Data items:
----------------------------------------

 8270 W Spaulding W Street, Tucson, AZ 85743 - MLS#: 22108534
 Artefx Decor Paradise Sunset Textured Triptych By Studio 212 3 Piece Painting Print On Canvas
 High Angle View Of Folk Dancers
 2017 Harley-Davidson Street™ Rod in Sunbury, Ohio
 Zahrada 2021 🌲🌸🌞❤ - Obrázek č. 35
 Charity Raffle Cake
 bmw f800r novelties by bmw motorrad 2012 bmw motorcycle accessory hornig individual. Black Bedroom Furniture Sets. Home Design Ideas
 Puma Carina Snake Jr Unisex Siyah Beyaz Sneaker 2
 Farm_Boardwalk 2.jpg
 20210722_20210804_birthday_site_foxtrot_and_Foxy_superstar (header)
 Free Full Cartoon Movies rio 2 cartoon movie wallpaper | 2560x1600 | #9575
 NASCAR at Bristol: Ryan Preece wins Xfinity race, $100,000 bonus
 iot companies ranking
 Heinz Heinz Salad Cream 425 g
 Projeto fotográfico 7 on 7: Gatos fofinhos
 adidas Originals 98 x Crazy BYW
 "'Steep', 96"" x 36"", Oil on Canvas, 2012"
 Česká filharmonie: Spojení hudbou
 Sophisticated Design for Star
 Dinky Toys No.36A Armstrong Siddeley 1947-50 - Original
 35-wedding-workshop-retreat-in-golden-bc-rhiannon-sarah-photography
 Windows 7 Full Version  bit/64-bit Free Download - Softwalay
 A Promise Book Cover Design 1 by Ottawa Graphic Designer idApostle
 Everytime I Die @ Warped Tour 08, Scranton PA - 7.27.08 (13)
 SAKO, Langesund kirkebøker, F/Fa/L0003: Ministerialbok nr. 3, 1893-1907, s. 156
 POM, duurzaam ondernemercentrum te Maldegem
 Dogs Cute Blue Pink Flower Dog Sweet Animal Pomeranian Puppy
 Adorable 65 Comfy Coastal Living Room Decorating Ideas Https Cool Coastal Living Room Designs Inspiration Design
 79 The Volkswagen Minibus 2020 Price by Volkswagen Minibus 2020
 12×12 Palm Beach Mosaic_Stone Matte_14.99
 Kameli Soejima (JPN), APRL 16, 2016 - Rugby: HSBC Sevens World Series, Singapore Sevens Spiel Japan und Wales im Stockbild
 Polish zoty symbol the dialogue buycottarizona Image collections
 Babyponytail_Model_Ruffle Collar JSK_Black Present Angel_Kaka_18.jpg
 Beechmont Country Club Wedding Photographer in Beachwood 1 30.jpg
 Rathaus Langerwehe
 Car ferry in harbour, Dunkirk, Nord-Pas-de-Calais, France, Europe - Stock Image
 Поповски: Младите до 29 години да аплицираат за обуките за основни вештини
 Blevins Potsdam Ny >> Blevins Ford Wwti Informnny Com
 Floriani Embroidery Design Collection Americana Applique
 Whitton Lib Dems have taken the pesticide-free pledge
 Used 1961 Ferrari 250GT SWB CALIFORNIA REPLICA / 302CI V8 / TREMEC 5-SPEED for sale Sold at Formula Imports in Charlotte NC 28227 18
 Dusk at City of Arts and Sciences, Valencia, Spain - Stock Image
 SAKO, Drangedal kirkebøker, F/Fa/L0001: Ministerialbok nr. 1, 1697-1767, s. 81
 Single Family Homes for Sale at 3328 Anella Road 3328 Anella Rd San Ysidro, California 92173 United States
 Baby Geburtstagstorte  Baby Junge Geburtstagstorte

----------------------------------------

Activity –
All that is wanted is the stretch of lines above from the one containing "Everytime I Die" through the one containing "Kameli Soejima (JPN), APRL", duplicated exactly.

Problem solution –
 Everytime I Die @ Warped Tour 08, Scranton PA - 7.27.08 (13)
 SAKO, Langesund kirkebøker, F/Fa/L0003: Ministerialbok nr. 3, 1893-1907, s. 156
 POM, duurzaam ondernemercentrum te Maldegem
 Dogs Cute Blue Pink Flower Dog Sweet Animal Pomeranian Puppy
 Adorable 65 Comfy Coastal Living Room Decorating Ideas Https Cool Coastal Living Room Designs Inspiration Design
 79 The Volkswagen Minibus 2020 Price by Volkswagen Minibus 2020
 12×12 Palm Beach Mosaic_Stone Matte_14.99
 Kameli Soejima (JPN), APRL 16, 2016 - Rugby: HSBC Sevens World Series, Singapore Sevens Spiel Japan und Wales im Stockbild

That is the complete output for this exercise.